William Joseph Takacs (born December 23, 1973) is the principal trumpet of the Amarillo Symphony Orchestra and trumpet instructor at West Texas A&M University.

Early life and education
Takacs was born in Philadelphia, Pennsylvania. He received his Bachelor of Music degree from West Chester University of Pennsylvania in 1995, his Master of Music degree from Bowling Green State University, 1998, with the thesis An Examination of Gustav Mahler's Life and Fifth Symphony, with a Focus on the Trumpet Part, and his Doctorate of Music from Florida State University in 2003, with the dissertation Russian Trumpet Music – An Analysis of Concerti by Oskar Böhme, Eino Tamberg, and Sergeï Wassilenko.

Awards
Takacs won the 1999 National Trumpet Competition at George Mason University in Washington D.C., and was one of five semifinalists in the 2000 Ellsworth Smith International Trumpet Competition held in Bad Säckingen, Germany, sponsored by the International Trumpet Guild.

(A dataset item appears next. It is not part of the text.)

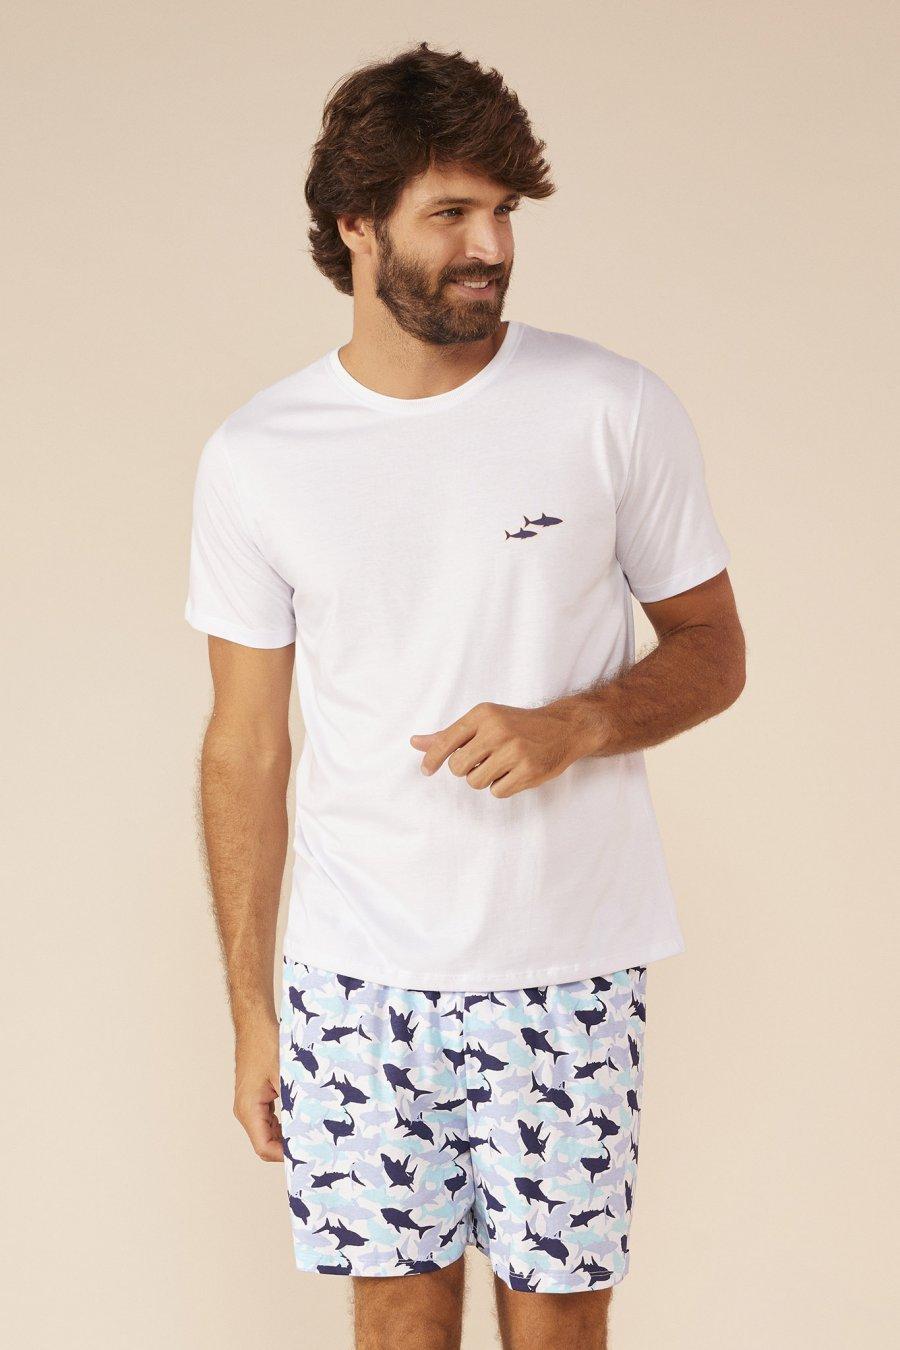 LANÇAMENTO Pijama Teen 100% Algodão Felicidade Mundo dos Sonhos Primavera Verão 22 MDS

Performances and associations
He has made guest performance appearances with the Toledo, Ohio, Pensacola, and Tallahassee Symphony Orchestras and has performed across the United States, Europe, South America, Asia, and Australia. He performed as guest principal trumpet for the New Sigmund Romberg Orchestra's 1999 performance tour of Taiwan and the Orquesta Sinfónica de Trujillo (Peru). He has also appeared in various capacities at institutions including Western Michigan University, University of Wisconsin-River Falls, Valdosta State University, Stetson University, University of Central Florida, and the Conservatorio Regional de Música de Trujillo (Peru).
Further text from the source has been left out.